3.3 SUBSEQUENTLY ACQUIRED COLLATERAL. If any Pledgor shall
acquire (by purchase, stock dividend or otherwise) any additional Collateral
at any time or from time to time after the date hereof, such Collateral shall
automatically (and without any further action being required to be taken) be
subject to the pledge and security interests created pursuant to Section 3.1
and, furthermore, the Pledgor will promptly thereafter take (or cause to be
taken) all action with respect to such Collateral in accordance with the
procedures set forth in Section 3.2, and will promptly thereafter deliver to
the Pledgee (i) a certificate executed by a principal executive officer of
such Pledgor describing such Collateral and certifying that the same has been
duly pledged in favor of the Pledgee (for the benefit of the Secured
Creditors) hereunder and (ii) supplements to Annexes A through F hereto as
are necessary to cause such annexes to be complete and accurate at such time.
3.4 TRANSFER TAXES. Each pledge of Collateral under Section
3.1 or Section 3.3 shall be accompanied by any transfer tax stamps required
in connection with the pledge of such Collateral.

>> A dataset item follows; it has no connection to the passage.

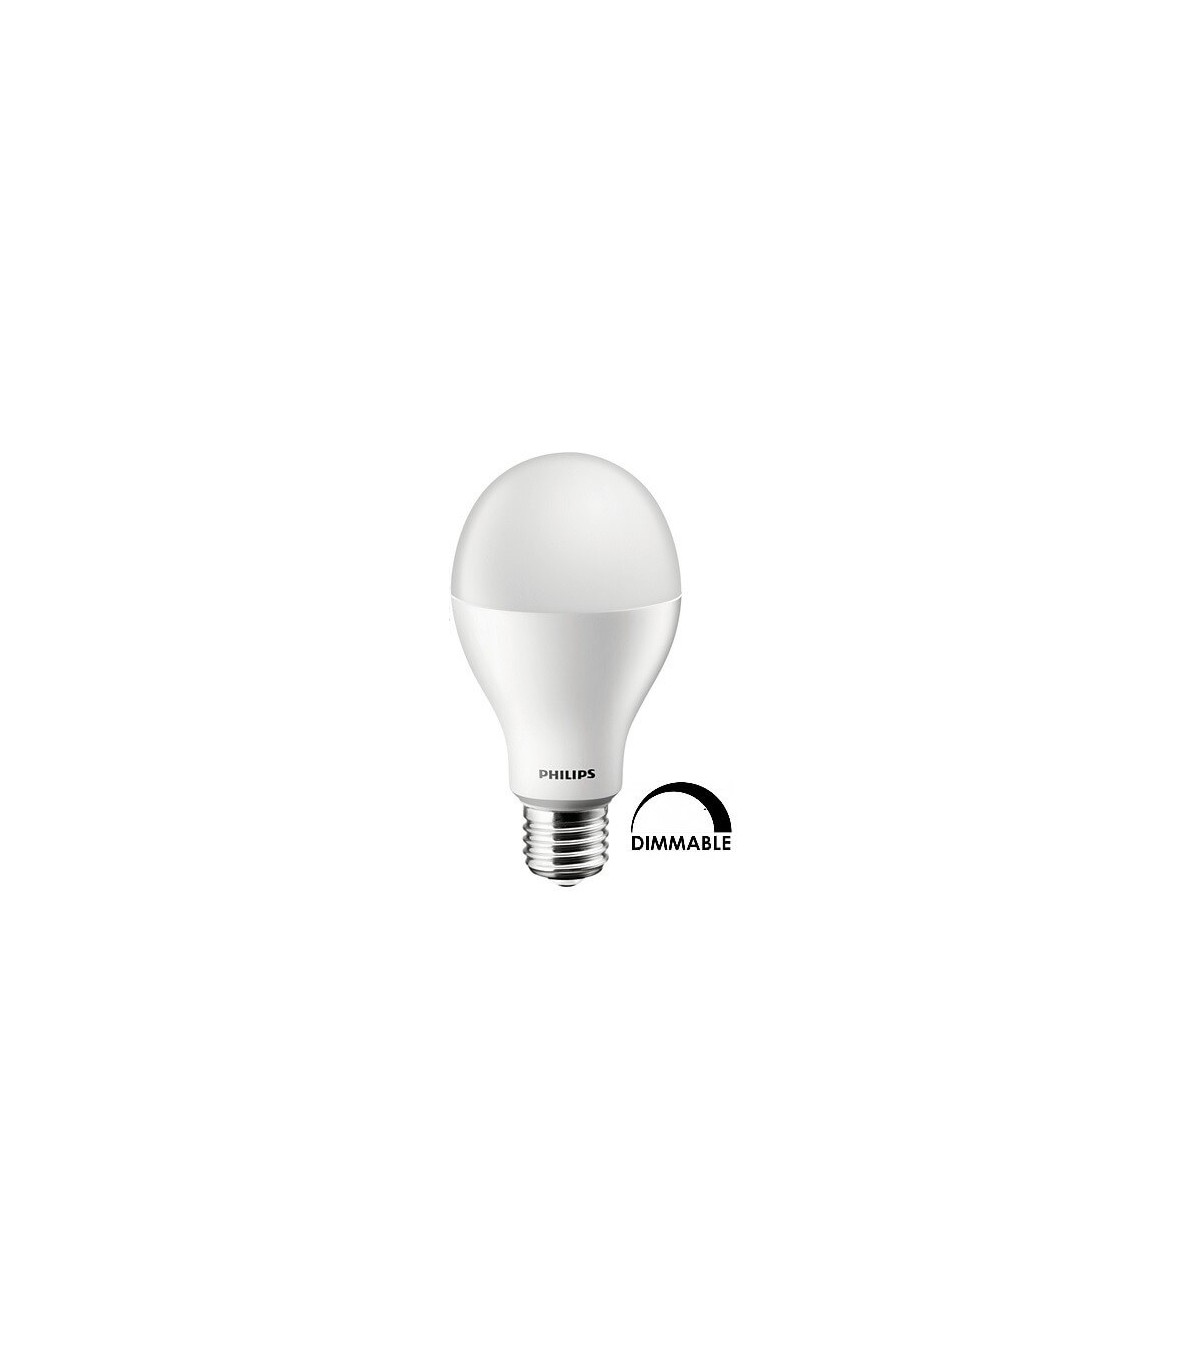 OSRAM Ampoule LED E27 230V 11W(=100W) 1521lm 2700°K globe

3.5 DEFINITION OF PLEDGED NOTES. All Notes at any time
pledged or required to be pledged hereunder are hereinafter called the
"Pledged Notes".
3.6 CERTAIN REPRESENTATIONS AND WARRANTIES REGARDING THE
COLLATERAL. Each Pledgor represents and warrants that on the date hereof (i)
each Subsidiary of such Pledgor, and the direct ownership thereof, is listed
in Annex A hereto; (ii) the Stock held by such Pledgor consists of the number
and type of shares of the stock of the corporations as described in Annex B
hereto; (iii) such Stock constitutes that percentage of the issued and
outstanding capital stock of the issuing corporation as is set forth in Annex
B hereto; (iv) the Notes held by such Pledgor consist of the promissory notes
described in Annex C hereto where such Pledgor is listed as the lender; (v)
the Limited Liability Company Interests held by such Pledgor consist of the
number and type of interests of the Persons described in Annex D hereto; (vi)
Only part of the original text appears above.